Copy the data that follows exactly, and include none of its images.

> [Data]:
+ + + +

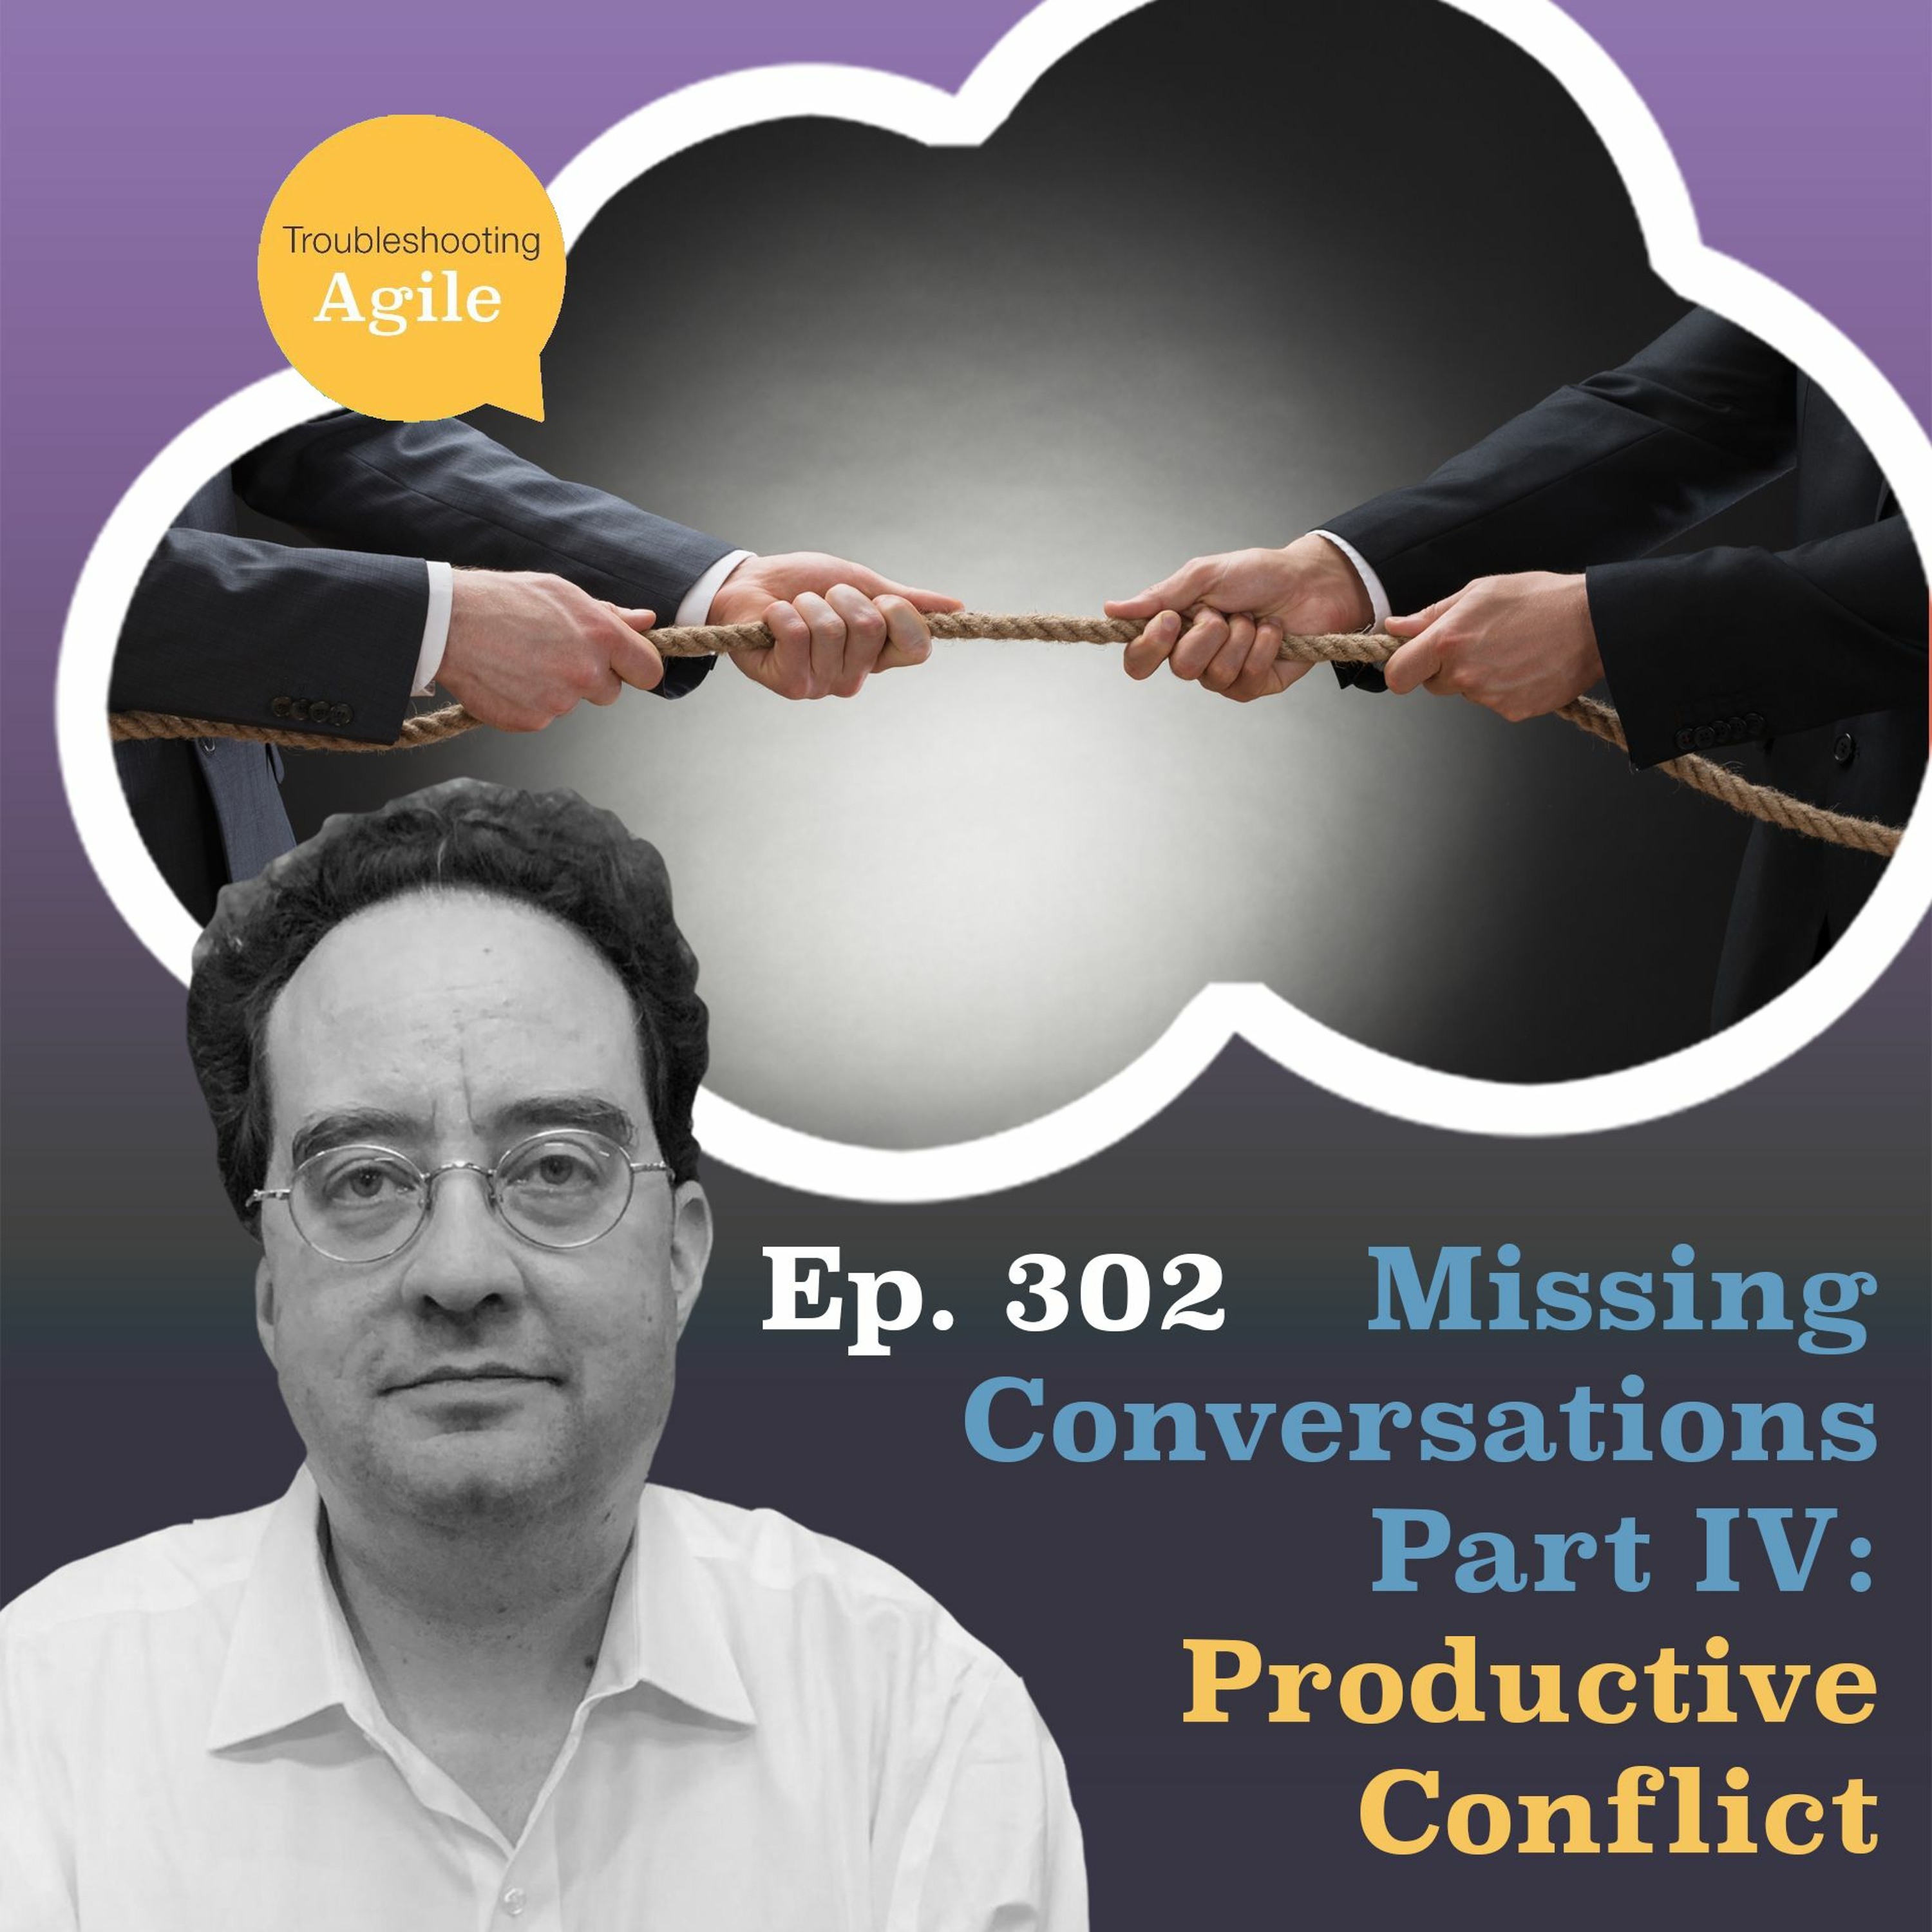 Missing Conversations Part IV: Productive Conflict
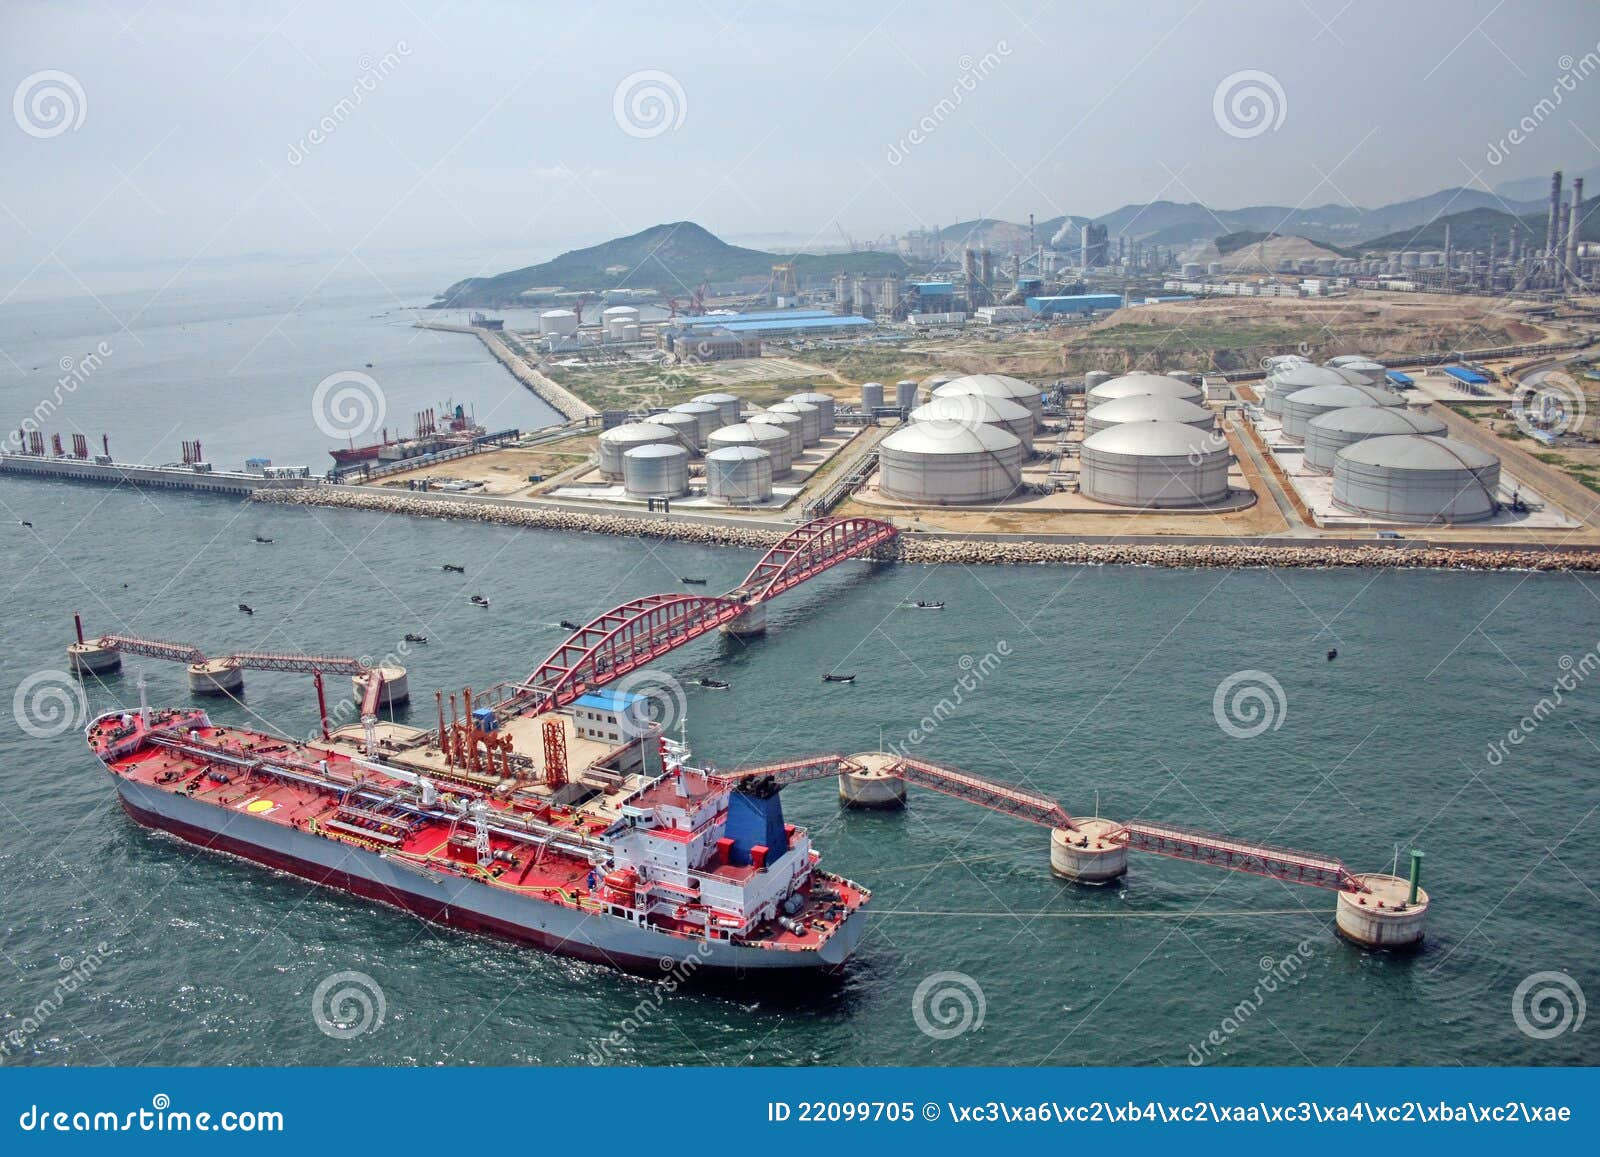 big oil tank in petrol port
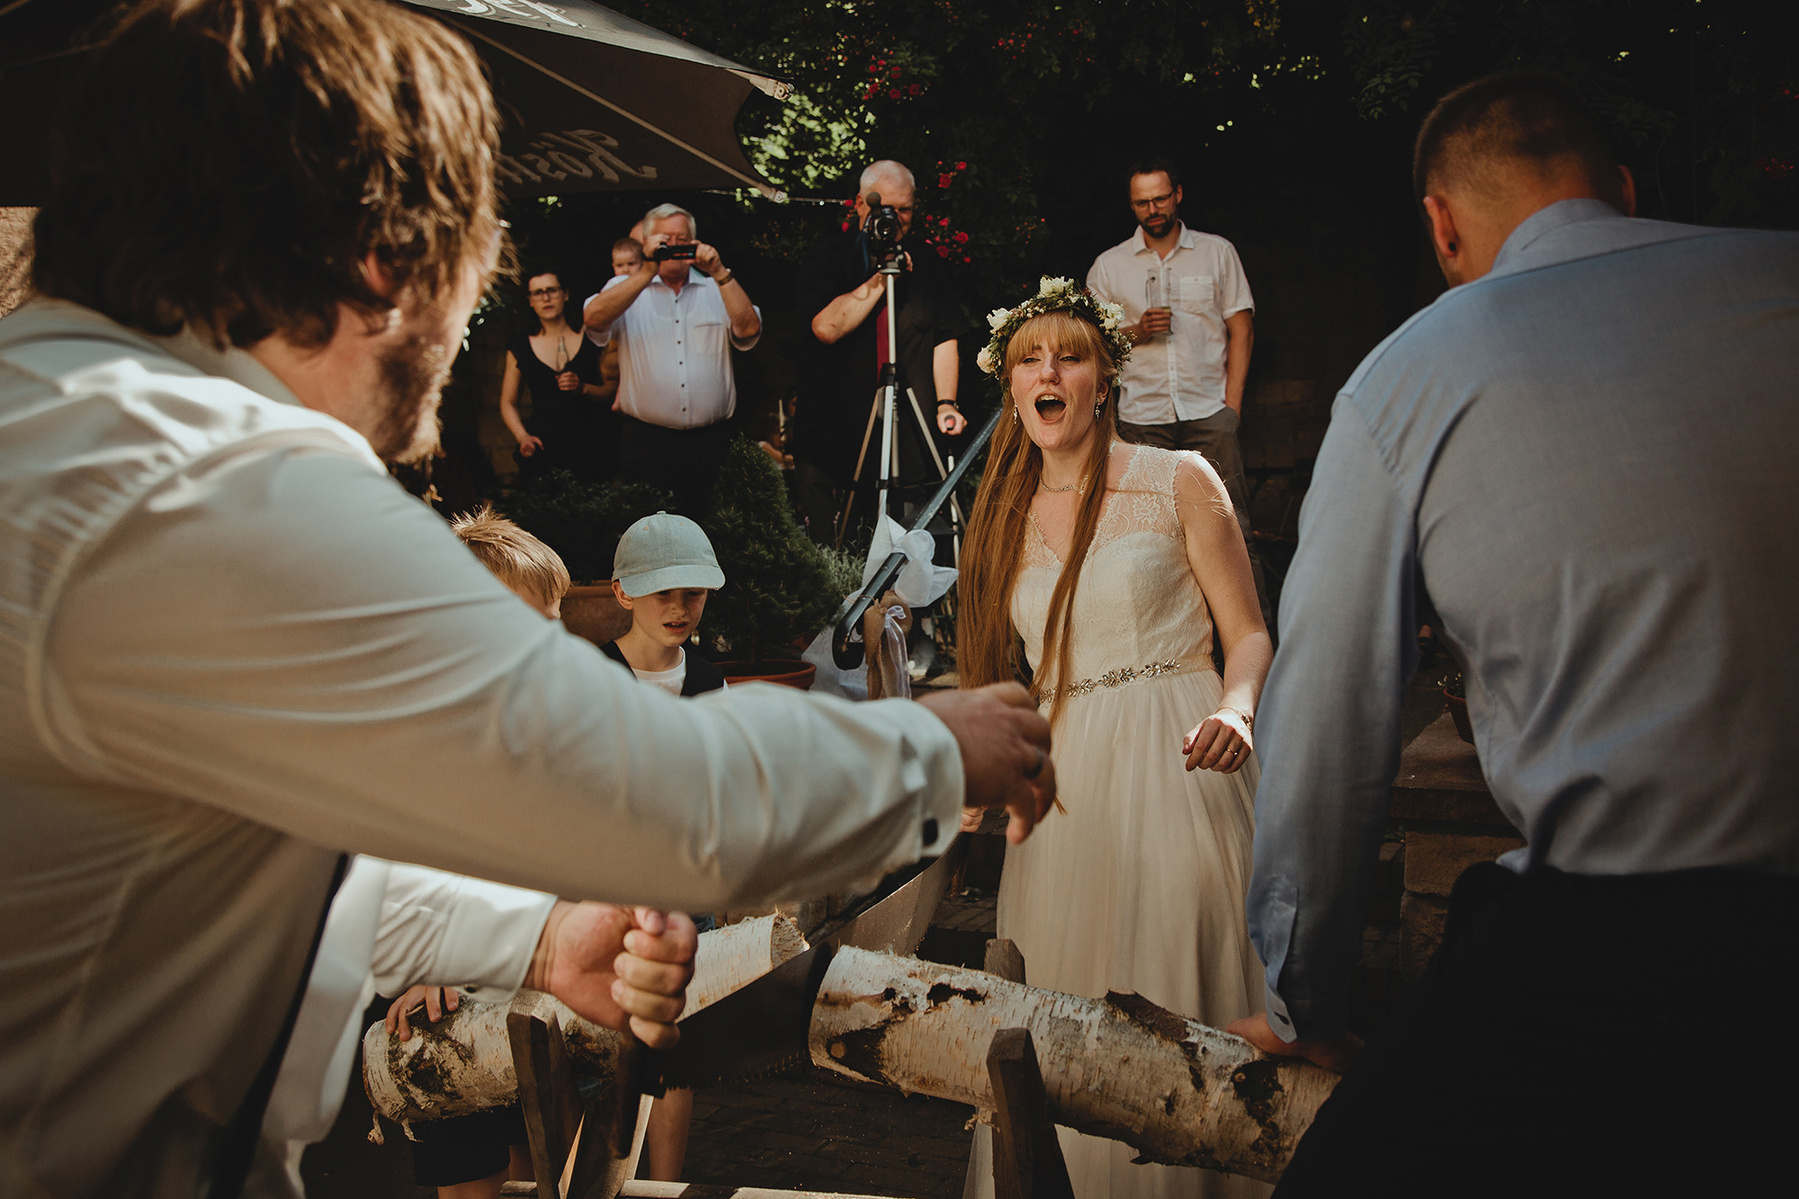 Die Braut jubelt nachdem der Baumstamm zersägt wurde. Ungestelltes Hochzeitsfoto von einer Fotografin in Weißenfels.

+ + + +

> [Response below]:
 Missing Conversations Part IV: Productive Conflict
 big oil tank in petrol port
 Die Braut jubelt nachdem der Baumstamm zersägt wurde. Ungestelltes Hochzeitsfoto von einer Fotografin in Weißenfels.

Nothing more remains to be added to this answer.